EXERCISE DETAILS
Below, some lines carry pictures; leave those pictures out and retype exactly the lines from the one with "Women's Pinstriped Double-Breasted" through the one with "Tennis ITF W25".
___ SUPPLIED INFORMATION
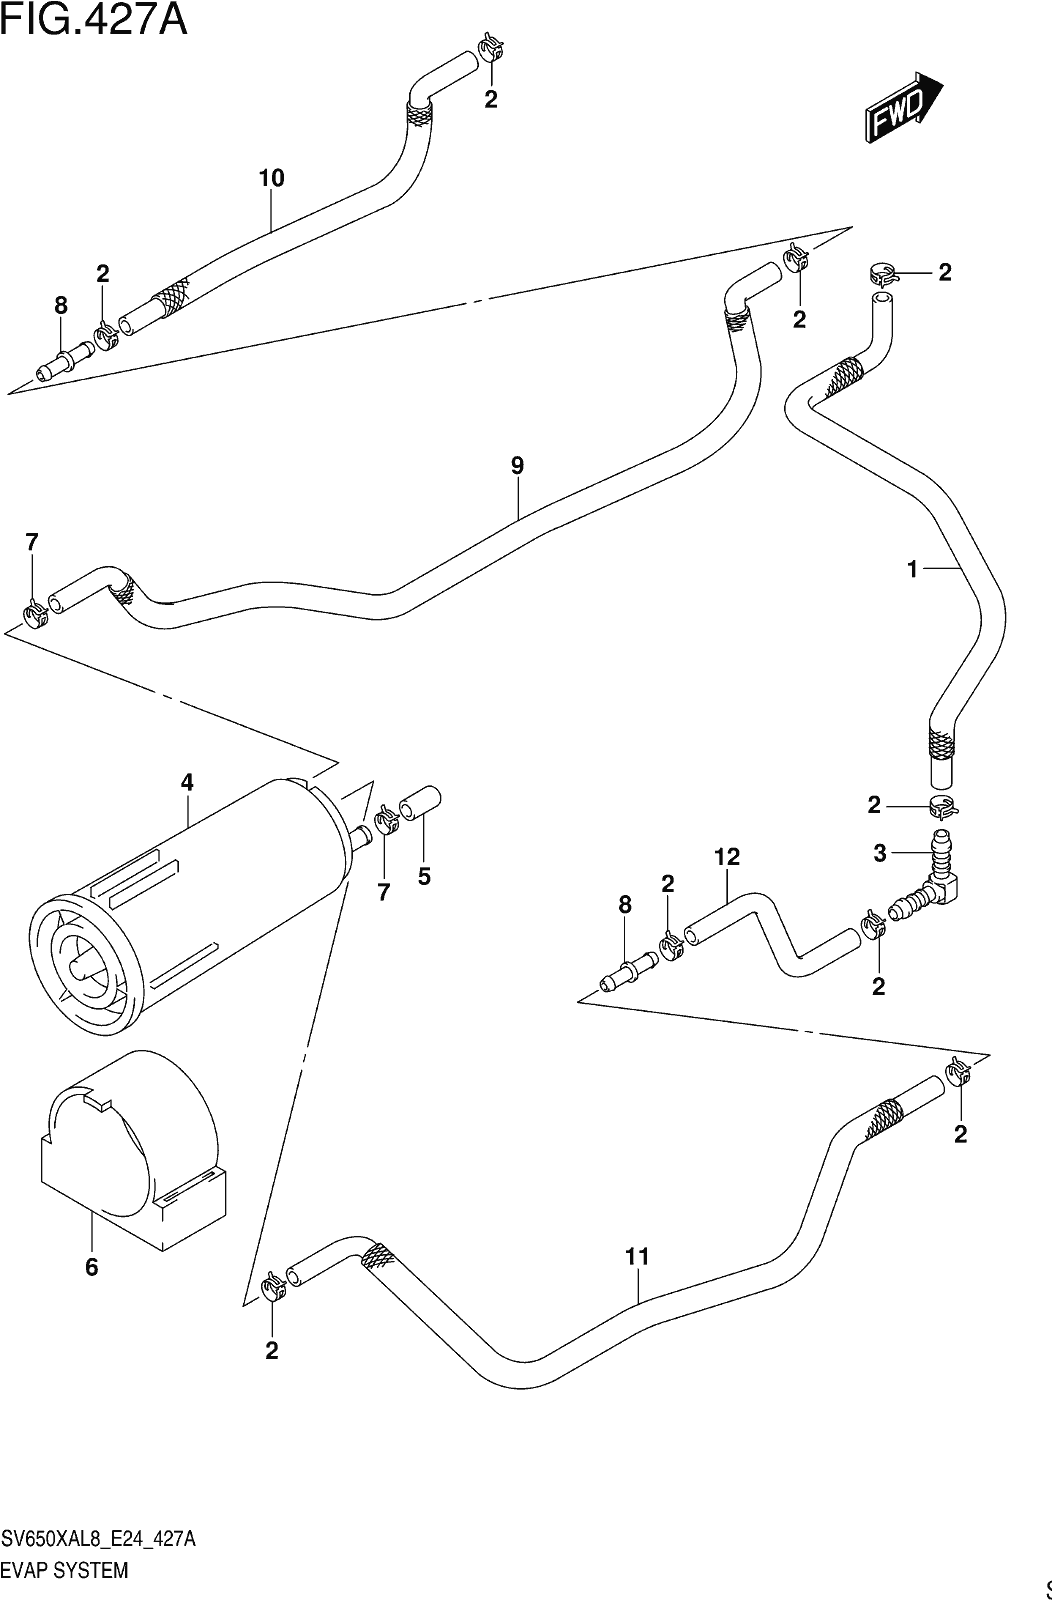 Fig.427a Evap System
______
___ SUPPLIED INFORMATION
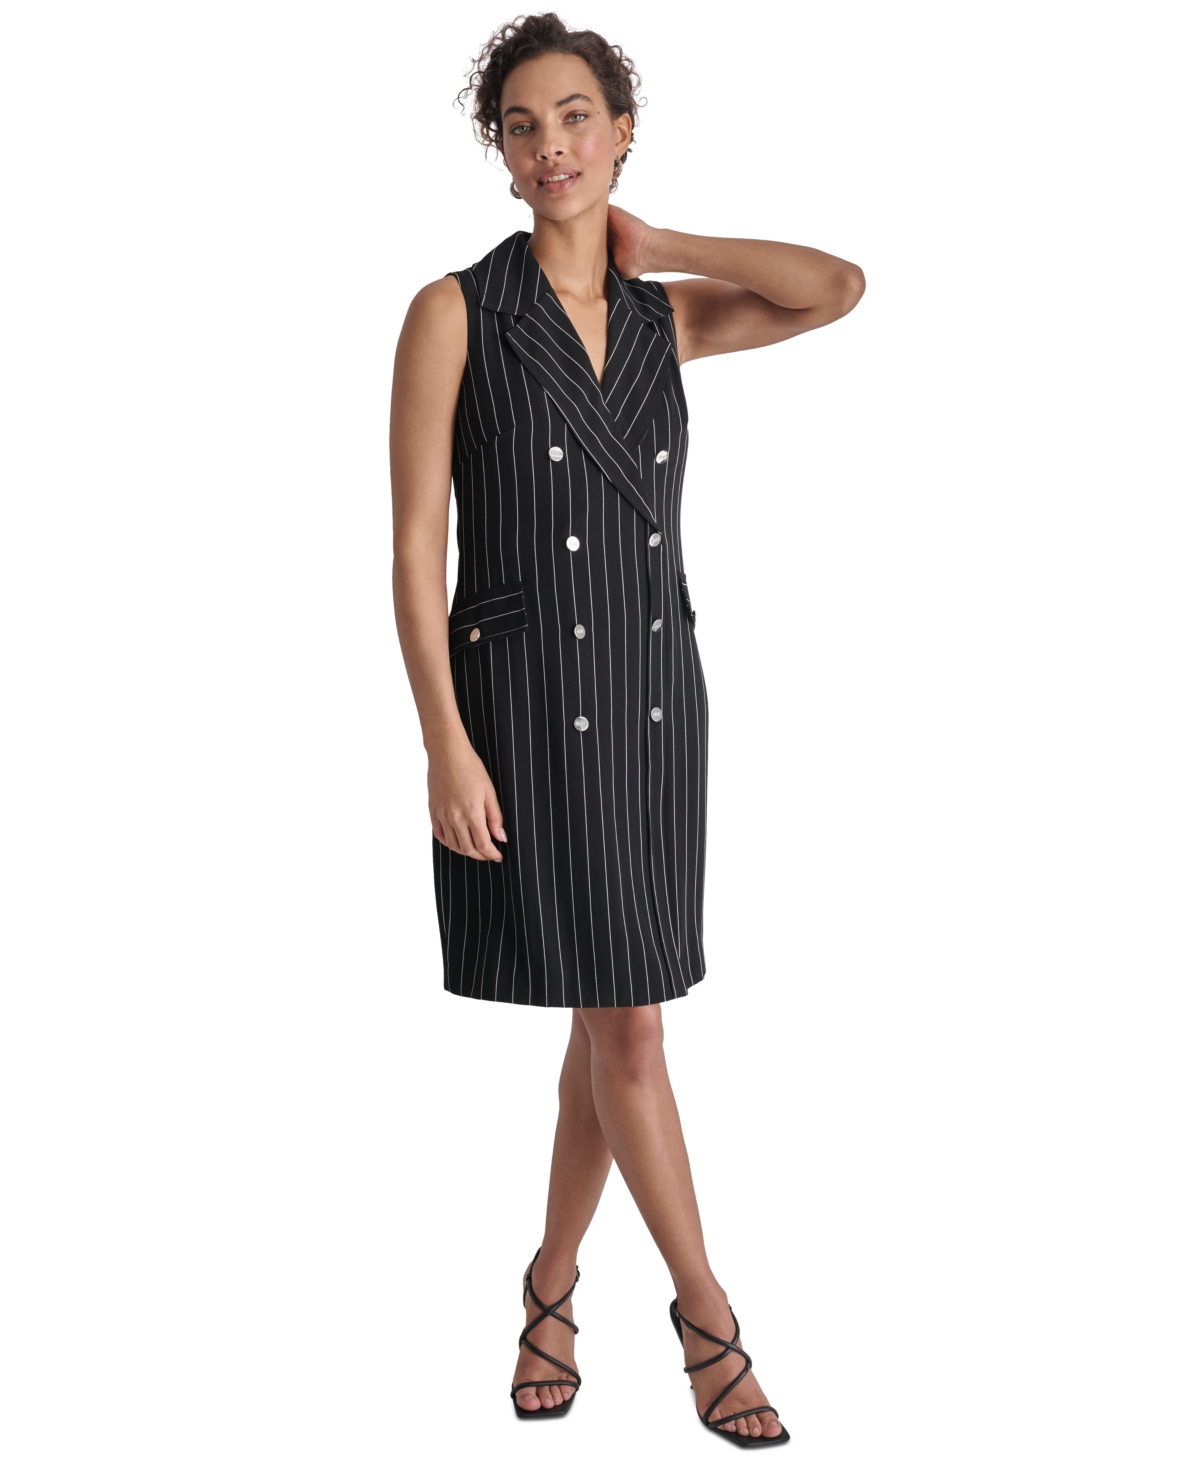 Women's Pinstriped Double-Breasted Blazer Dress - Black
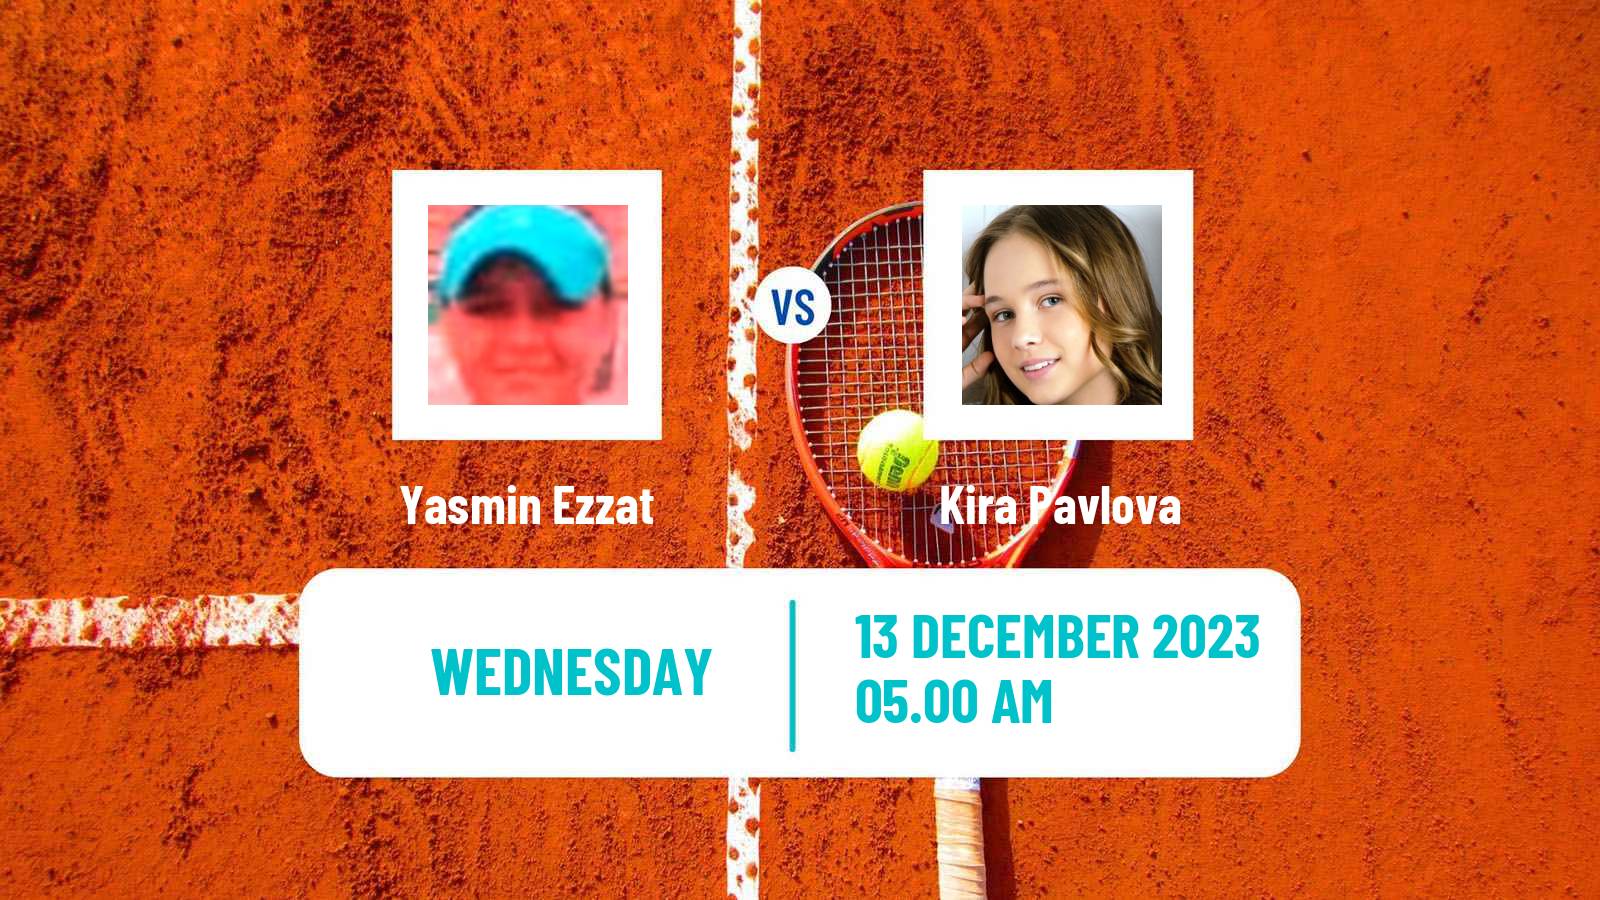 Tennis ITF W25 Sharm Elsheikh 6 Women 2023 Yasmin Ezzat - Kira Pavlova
______
RESULT OF THIS EXERCISE
 Women's Pinstriped Double-Breasted Blazer Dress - Black
 Tennis ITF W25 Sharm Elsheikh 6 Women 2023 Yasmin Ezzat - Kira Pavlova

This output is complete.